A picture of a young woman photographing herself shaking hands with Pope Francis provoked his thoughtful reflection. Are we using technology as a barrier to true intimate human relationships? This concern is especially relevant for all of us who have ever had an online dating profile.

Is your digital self your authentic self?

Donaghy's article warns of the opportunity to hold back from relationships by hiding behind a screen, and not just in long distance relationships, but in particular, for those people within arm's reach.

Here are some questions to ask ourselves:

  • Are we only willing to give the digital version of ourselves?
  • Are we brave enough and open enough to be able to meet in person and get to know each other without technology?
  • Do we use our screens as a physical barrier to the emotional barrier we've already set on our hearts?

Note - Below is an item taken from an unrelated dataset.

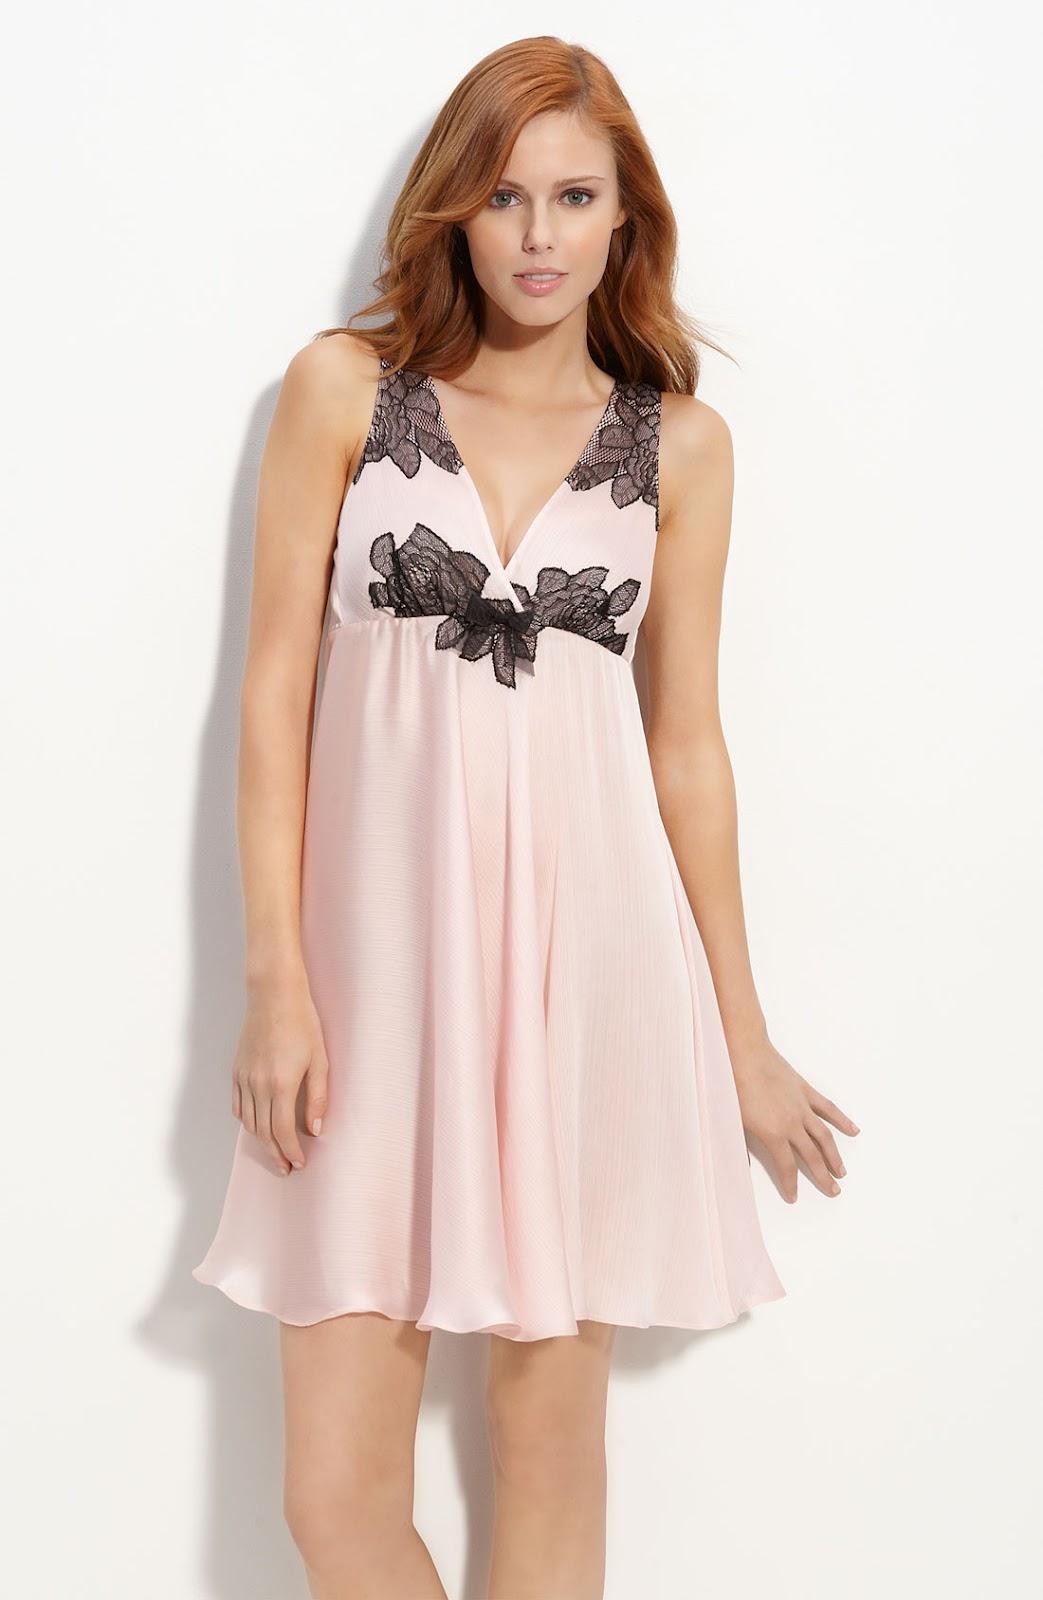 Think, alyssa campanella lingerie was

Start living in the present

A quick browse through social media makes it easy to conclude that many people are obsessed with taking pictures of the present so that in the future they can remember the past. Instead of living in the moment with all their faculties and senses, they're divided, withholding a part of themselves so that they're acting as a spectator instead of a participant in their lives and those lives around them.

Recently I printed photos of our youngest daughter from the first six months of her life. While I'm happy I have them, a part of me hoped that I would have remembered to take more since babies change so much in those early months.

But I know why I didn't; I was living and appreciating each moment, holding and soothing my poor little girl while sweeping her hair from her forehead, patting her back, pressing my lips against her soft skin and inhaling her sweet cream scent as I sang softly in her ear. I didn't want to interrupt that intimacy with my family in order to document it.

Often I hear veteran parents say of babies, "Enjoy them when they're this small! They grow up so fast!"

I want to reply, "But they're still here. They're just as precious and cute to me now as they were as babies, and in some ways, more, because we have many more years to build our relationship together. I don't 'miss' them as babies, because we still live together under the same roof. I'll miss them when they move out or pass on to the next life. I enjoy them whenever I get the chance."

But instead I simply say in response, "Yes, I know, we do."

Meet people face to face

I challenge you to seek more real, living, breathing, interpersonal human interactions. Here are some ideas to try:

  1. visit a nursing home and hand out cards
  2. babysit your married friends' kids so that they can live out their vocation while you live yours: a gift of life to another.
  3. gather courage and allow yourself to become a beacon of God's hope and love for another person by asking them out on a date.
  4. see your friends, but leave your cell phones in the car so that you can give each other your undivided attention.
  5. spend time at an adoration chapel, face-to-face, with Jesus. This, too, counts as building intimacy...with our Lord.
  6. meet that cute guy/gal on CatholicMatch in person-as soon as possible! CatholicMatch exists as a convenient and affordable way to "meet," closing physical distance gaps which would otherwise make introductions impossible. But the internet alone cannot support an authentic intimate human relationship. If you keep your relationship at arm's length through your iPhone, Skype, or IM and email, then you're holding back a part of yourself.

While you have sight and sound through multimedia, you forgo the other senses which facilitate growing relationships. I'm not advocating immoral behavior, but we have physical bodies because relationships are meant to be physical.

We use our bodies to hold hands, hug, kiss, play sports, dance, and pray.

These authentic human interpersonal experiences propel us towards our spouses, and continue to do so long after marriage.